For the UCA, baptism is the act of initiation, and confirmation the promise to be a full and active member of the church. The Report says that in the Roman Catholic church, confirmation is a seen as a sacrament of initiation which is completed in admission to the eucharist. What does baptism mean if it is not an act of initiation, and where is its ecclesial dimension? What happens when baptism is separated from the act of initiation? If it is an act of initiation, why cannot all baptized persons go to a RC eucharist (even if RCs cannot come to a UCA eucharist because of issues about the validity of the eucharist and the Minister).
There would be a great deal of benefit in further discussion on this crucial issue of baptism, confirmation, initiation and the eucharist.

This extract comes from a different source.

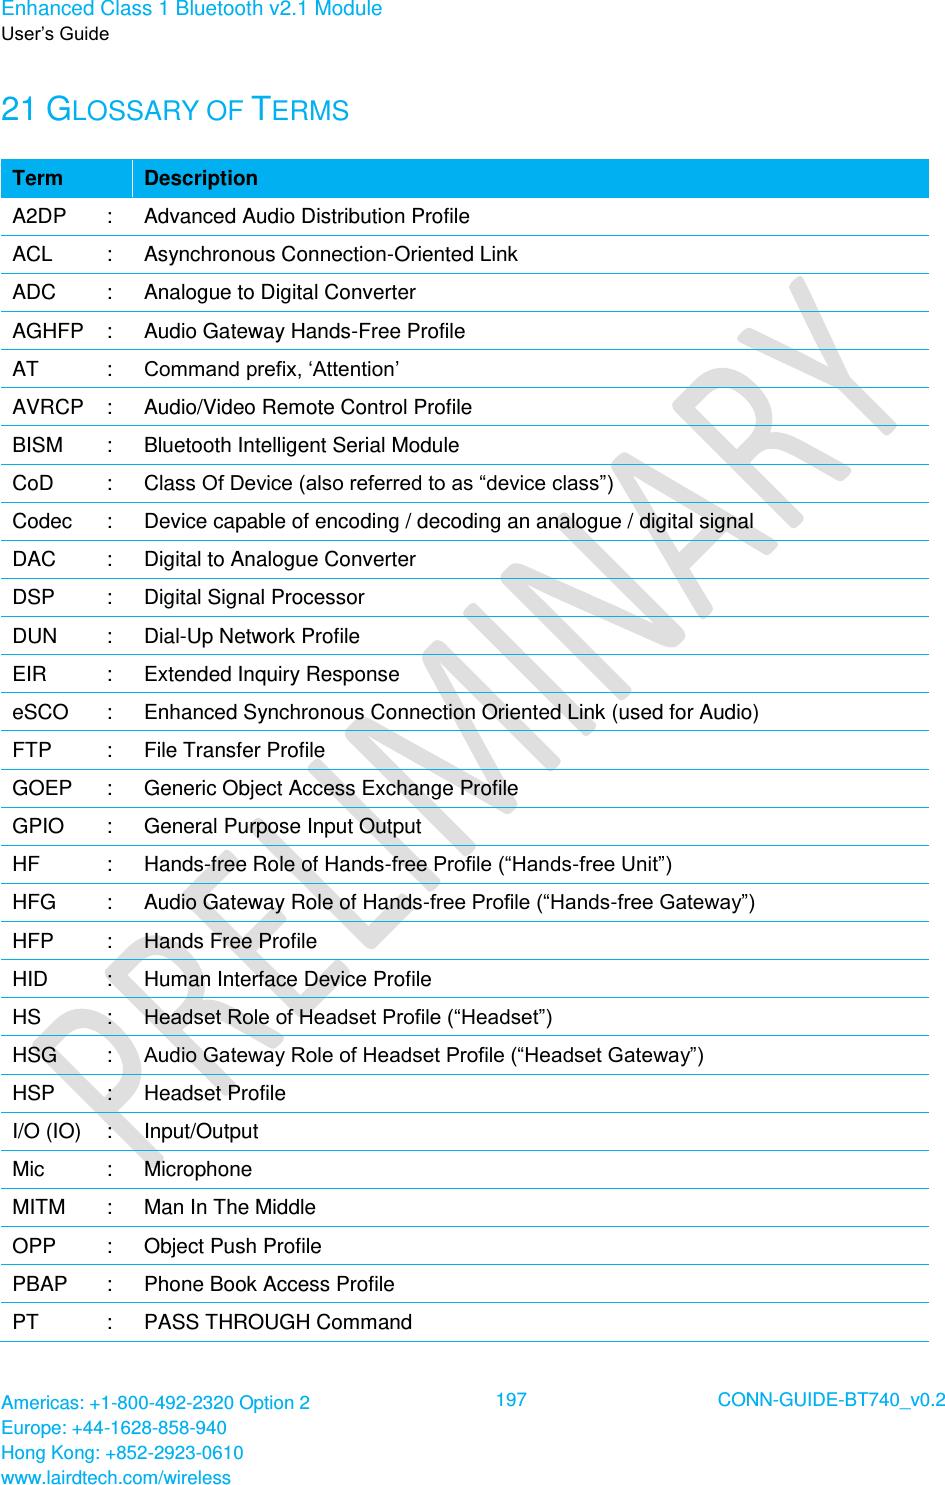 Laird Technologies BT700 Class 1 Bluetooth Data Module User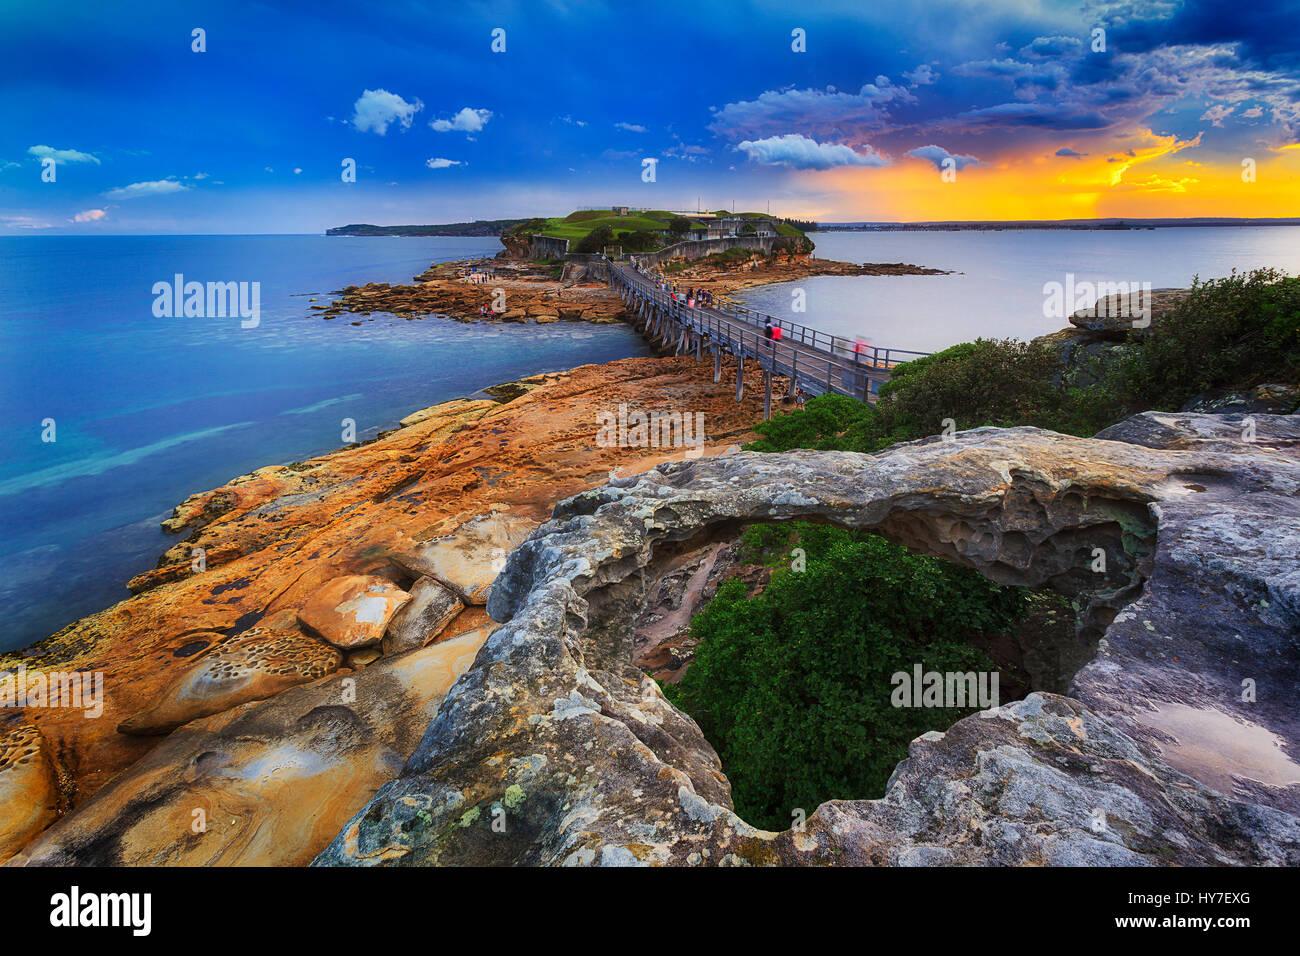 De soleil colorés plus de citadelle sur Bare Island à Sydney's Botany Bay zone côtière. Photo Stock

- Is there a need for further discussion on Catholic substance and the Protestant principle (God is always free and God's presence can never be guaranteed by human action) as that touches on ministry and eucharist? Is there a place for further discussion about validity and efficacy in the sacraments, and what this might mean for the ability to extend hospitality (a central gospel value, it seems to me)?
- What would happen if we took hospitality seriously as the entry point and guiding principle for our discussions, and how would this touch on the possibility of double belonging.
FOR REFLECTION:
How do these issues arise for you in your lives and experience?